Tammi Sauer, a former teacher and library media specialist, is a full-time children's book author who presents at schools and conferences across the country. She has more than 30 published picture books and has many others on the way. Her books have received awards, earned starred reviews, made lists, been made into musicals, and been translated into many different languages. Most importantly, kids really like her books! To learn more about Tammi and her books, please visit tammisauer.com and follow her on Twitter at @SauerTammi.


  1. My all-time favorite endpapers are probably in Office Buckle and Gloria. Peggy Rathmann used them for Gloria’s hilarious “safety tips.” I also love how David Small uses endpapers to extend the story in both directions in all of his books. Great post!

  2. One of my recent favorites is LOCOMOTIVE by Brian Floca. While the story, itself, is about a trip on the Transcontinental Railroad, the endpapers are devoted to the history of the construction of the Transcontinental Railroad and steam power used by the trains – all surrounded by Brian Floca’s beautiful illustrations.

  3. I adore endpapers – great post!

  4. Love this post. I see Liz mentioned my favorite endpapers. LOCOMOTIVE is such a lyrical story. The endpapers just add to it.

  5. I agree with Linda Ashman–OFFICER BUCKLE AND GLORIA.

  6. I absolutely love endpapers too, and author/illustrator notes.

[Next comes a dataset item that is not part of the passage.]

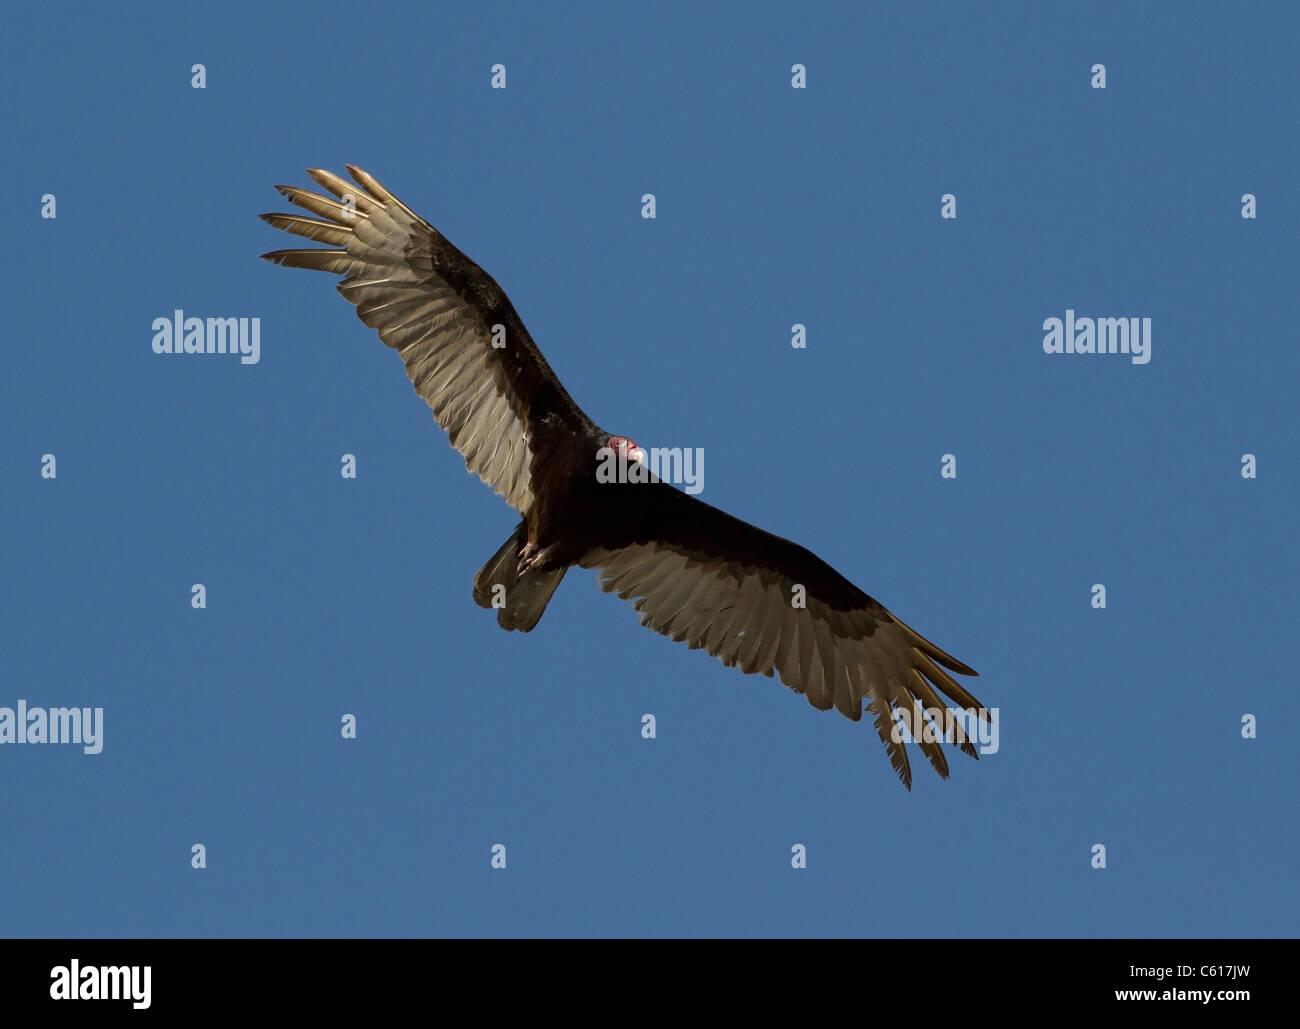 Turkey Vulture (Cathartes aura) in flight - Stock Image

    Some of my recent endpaper favorites are:

    *The Right Word–Melissa Sweet outdid herself!
    *Aviary Wonders by Kate Samfworth-fantastic & thought-provoking
    *A Fine Dessert–loved Sophie Blackall’s blackberry juice stained pages and recipe as well as both the author & illustrator notes

    I’ll have to re-visit Office Buckle & Gloria.

  7. And Locomotive and Moonshot are both amazing!

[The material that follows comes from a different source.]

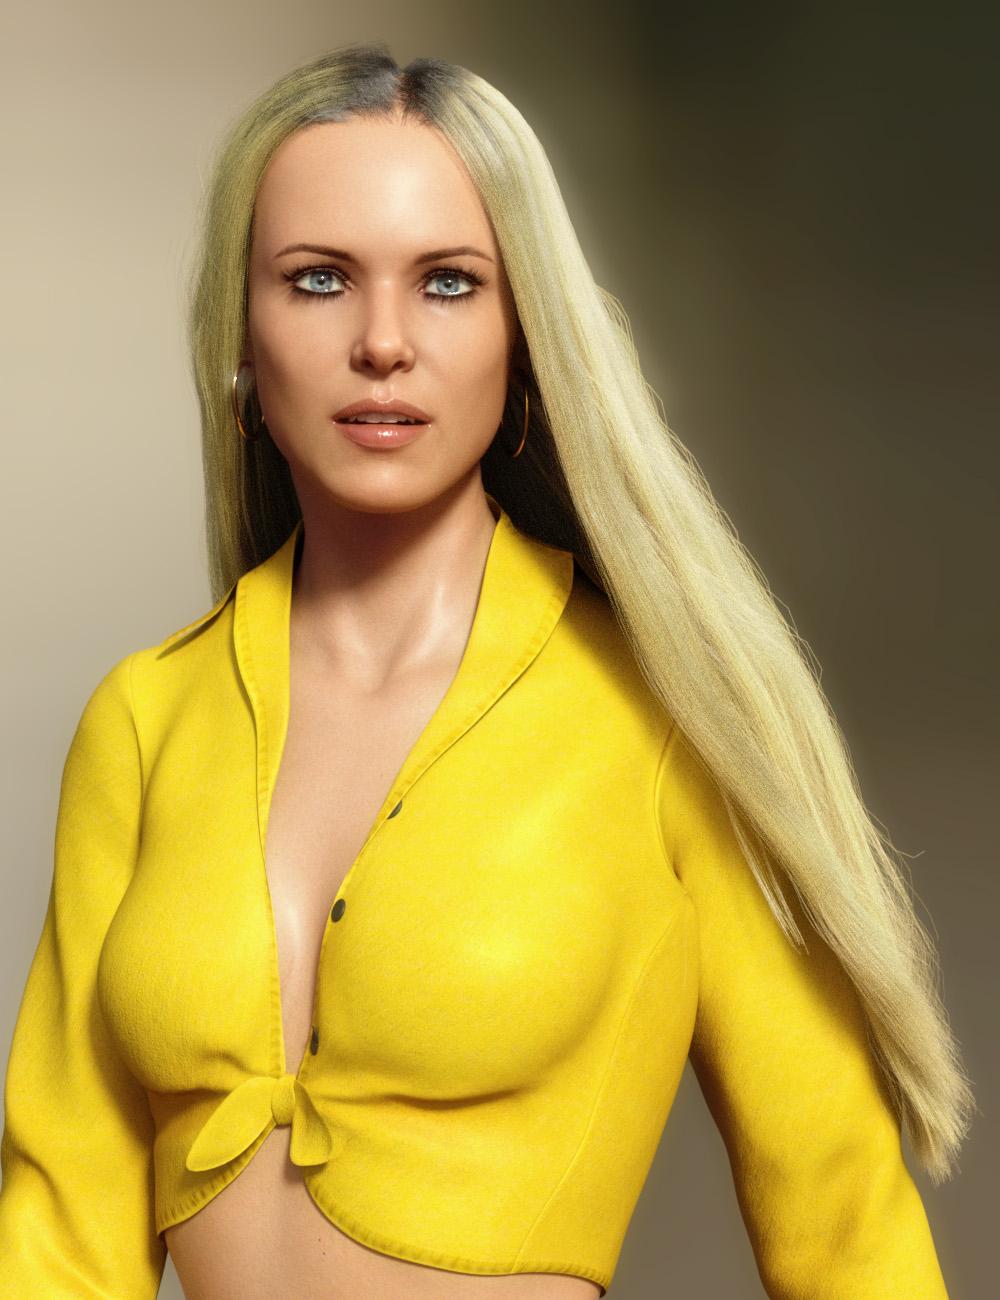 dForce Longdrape Hair for Genesis 3 and 8 Female(s) by: PhilW, 3D Models by Daz 3D

  8. Yes! Endpapers are important! The ones in “Where the Wild Things Are’ are among my favorite.

  9. I love the endpapers in Mr. Tiger Goes Wild by Peter Brown, and Buddy and the Bunnies in: Don’t Play with Your Food! by Bob Shea.

  10. I have an endpaper fetish, I think! I always notice them and am delighted when they add something to the story. I was really hoping my book would have illustrated endpapers…and sure enough it does. And I LOVE them! They might be my current favorite endpapers. Is that conceited 🙂

  11. “Z is for Moose” by Kelly Bingham has adorable endpapers that introduce what is coming and give a sense that the characters hate to end the book!

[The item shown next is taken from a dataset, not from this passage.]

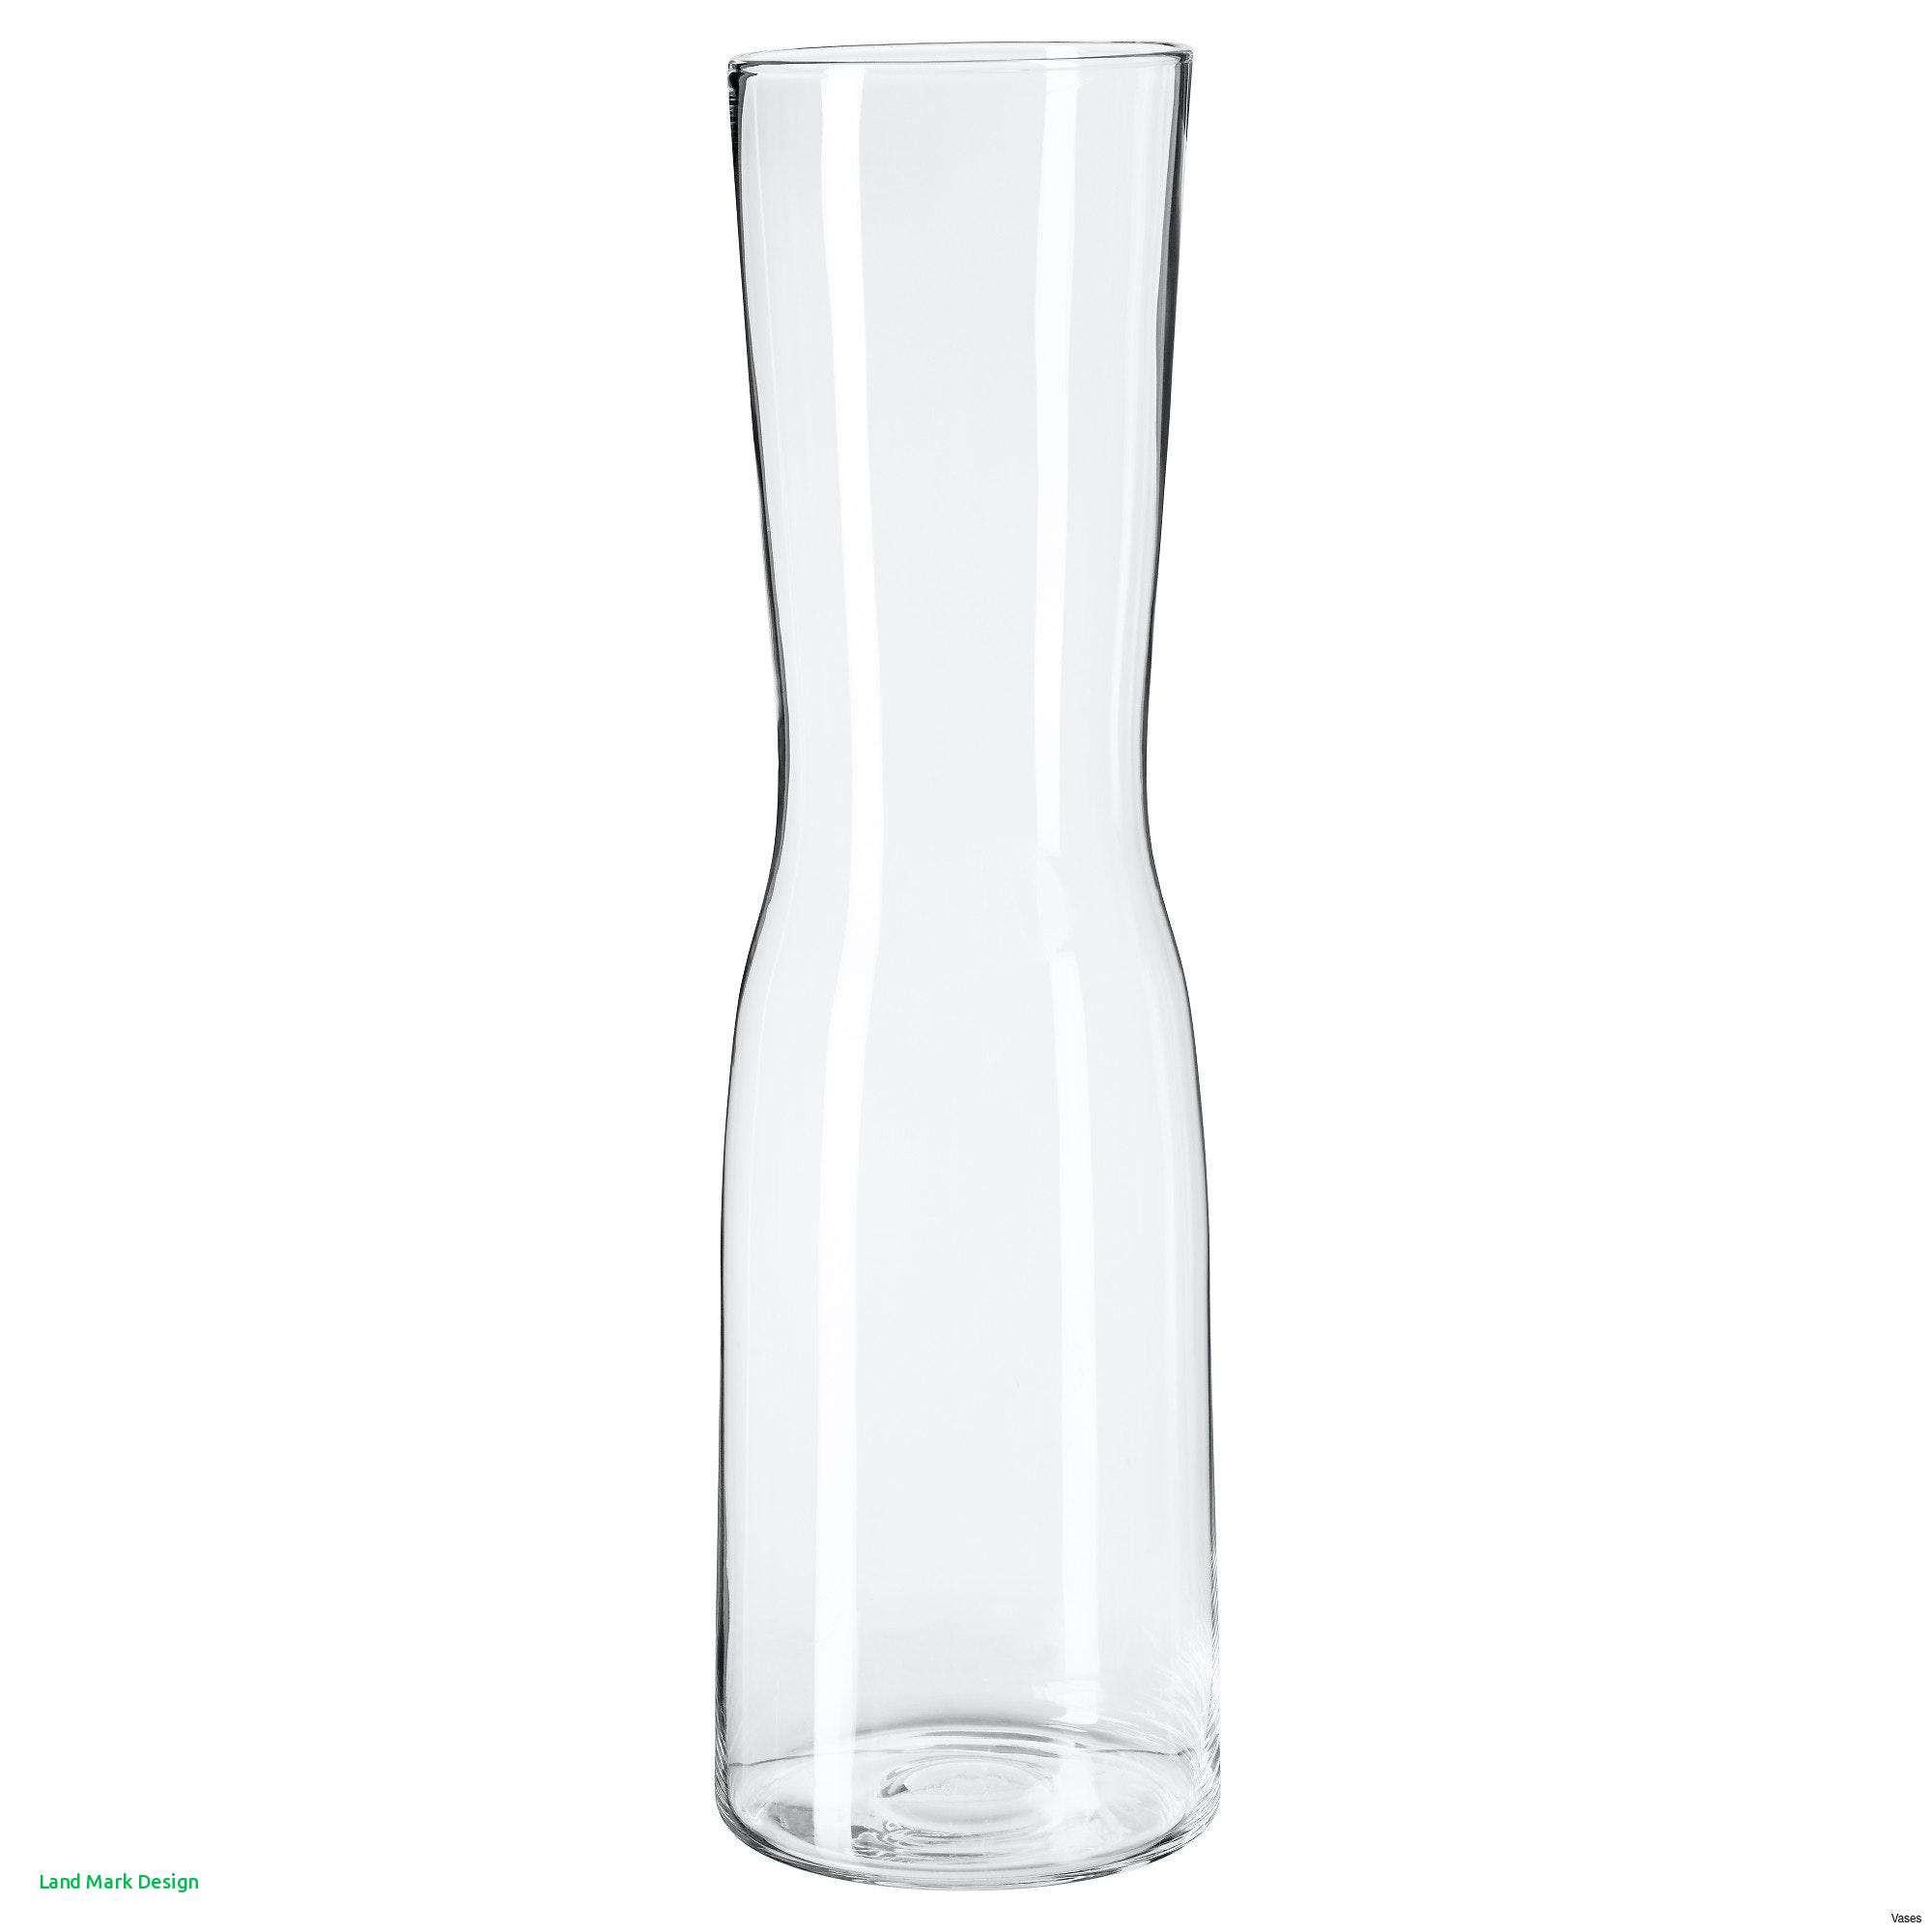 waterford blue vase of large white vases images ikea vase vases artificial plants throughout ikea vase

  12. I enjoy looking at end papers, too. They are a great way to set the atmosphere for the book. Thanks for sharing, Tammi!

  13. I love end papers, especially ones that “start” the story.

  14. I LUV wacky endpapers! I think it’s just another way we can interact with the child we’re reading to.

  15. I love endpapers, too. I like the ones mentioned here but maps are my favorites. I’m working on a story that began with an idea for endpapers.

  16. I love endpapers, and still stroke the gorgeous ones in really old books, the ones that looked like marble paper, all before printing in color became much easier.

  17. Those endpapers you feature here are so delightful. They are part of the book, so might as well use them to extend the story a bit. Like you said, curtains. 🙂

  18. I’m a fan of endpapers too. The rabbit problem by Emily Gravett is a wonderfully funny story with adorable endpapers – the one at the back being a pop-up showing exactly what is meant by a rabbit problem.

  19. Another fan of endpapers here. Part of my library job is to put book barcode stickers on the first page of every book I catalog. On certain books I spend much time making sure the label doesn’t take away from endpaper illustrations–not always easy! (And sometimes I have to resort to page 3.)

  20. I will undoubtedly pay much more attention to endpapers now — happily!